> Work to complete
Please reproduce the listing verbatim, without its images.

> Dataset content
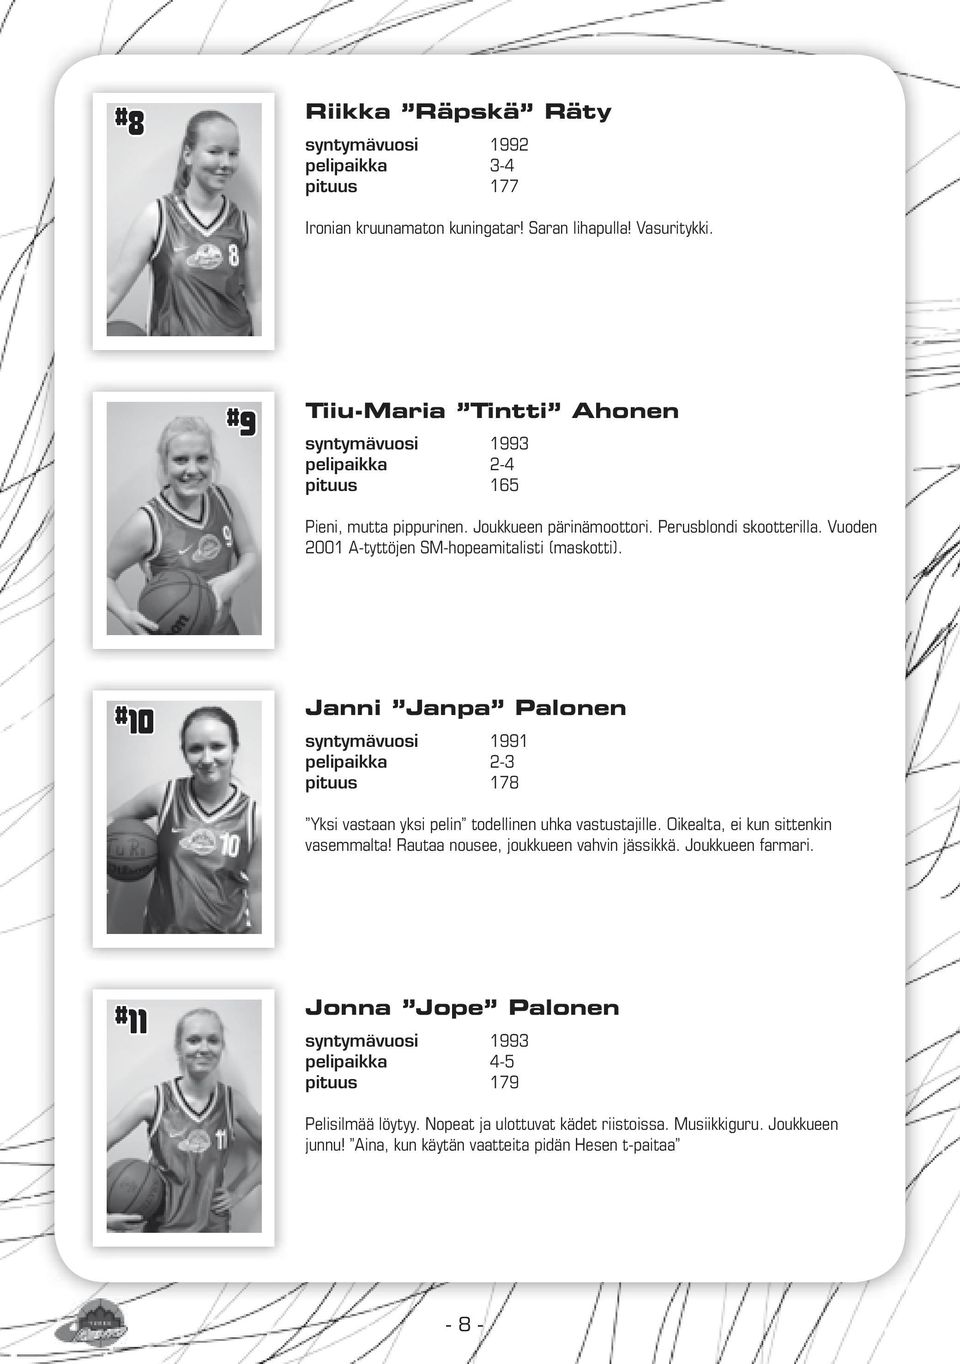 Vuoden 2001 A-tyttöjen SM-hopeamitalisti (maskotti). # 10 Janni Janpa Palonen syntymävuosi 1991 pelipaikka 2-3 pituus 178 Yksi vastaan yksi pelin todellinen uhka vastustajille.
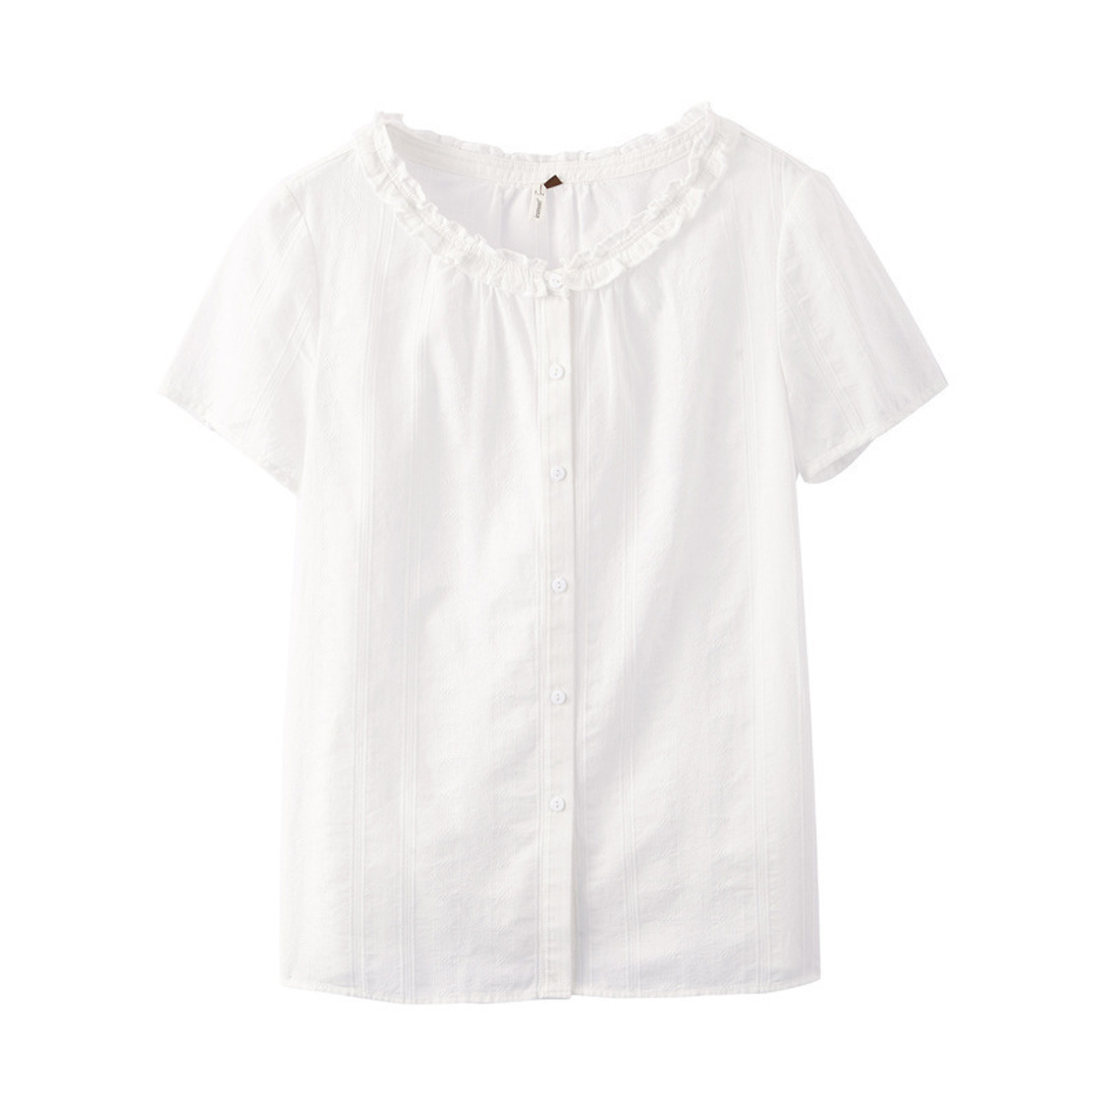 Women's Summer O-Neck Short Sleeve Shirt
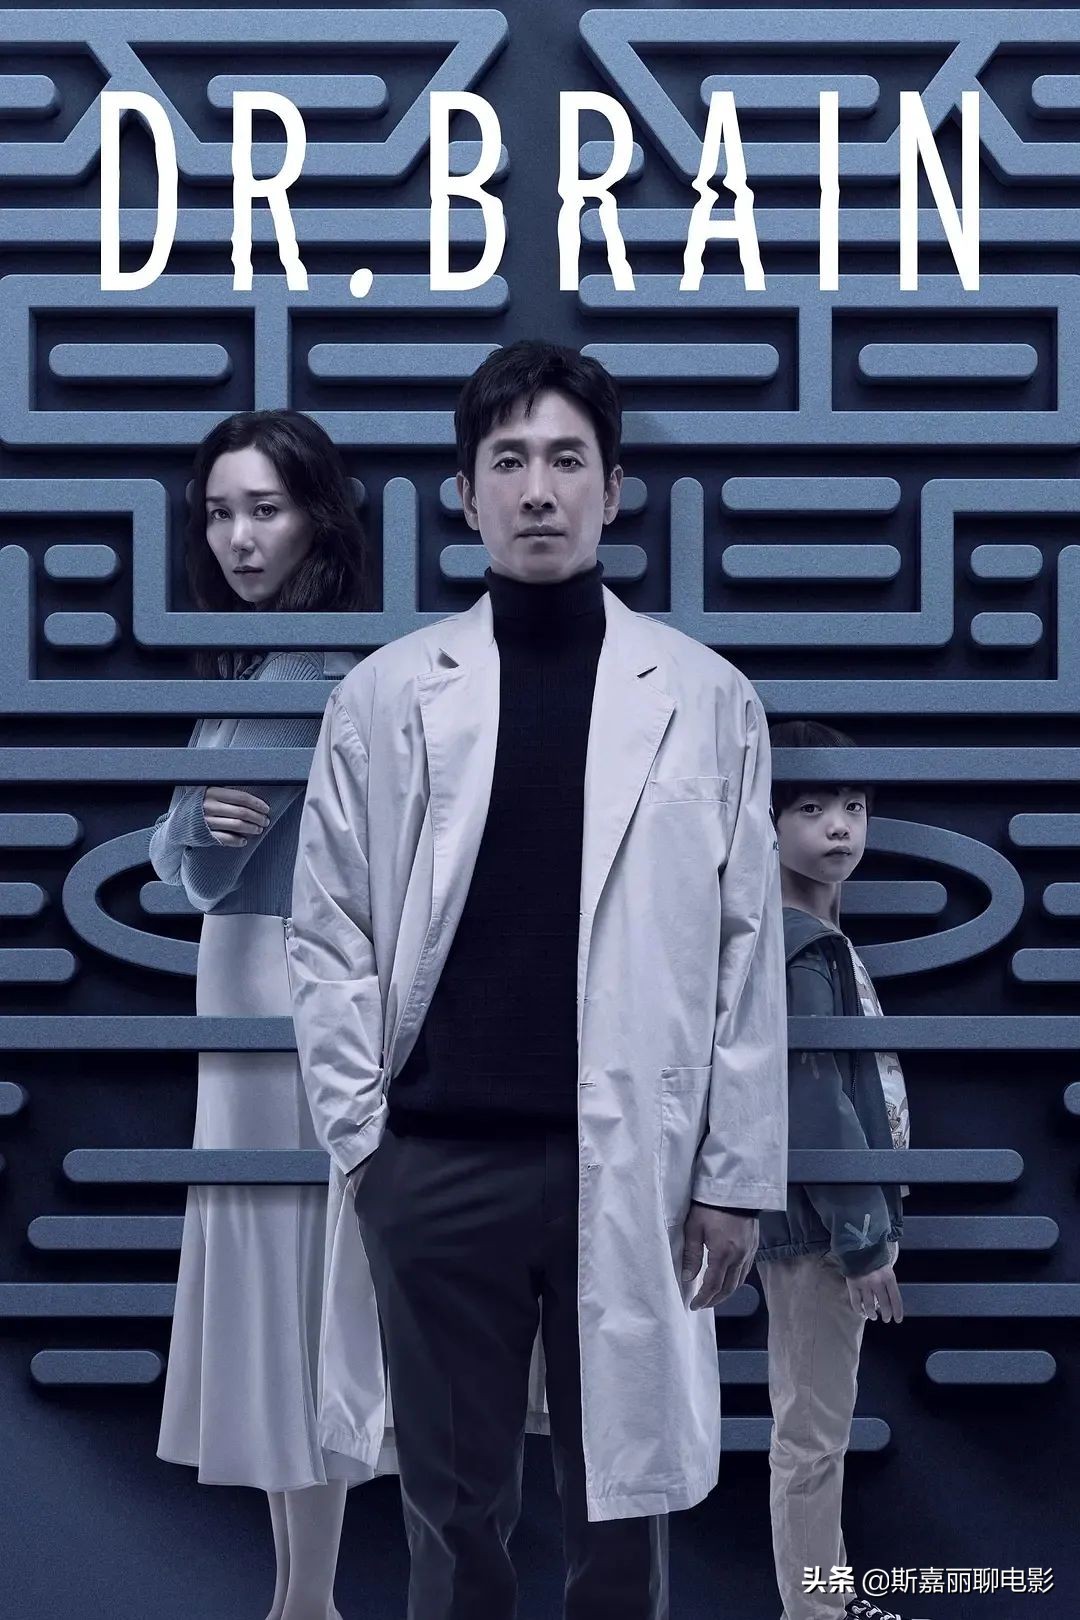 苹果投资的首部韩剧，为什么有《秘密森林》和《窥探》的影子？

> Task answer
 Vuoden 2001 A-tyttöjen SM-hopeamitalisti (maskotti). # 10 Janni Janpa Palonen syntymävuosi 1991 pelipaikka 2-3 pituus 178 Yksi vastaan yksi pelin todellinen uhka vastustajille.
 Women's Summer O-Neck Short Sleeve Shirt
 苹果投资的首部韩剧，为什么有《秘密森林》和《窥探》的影子？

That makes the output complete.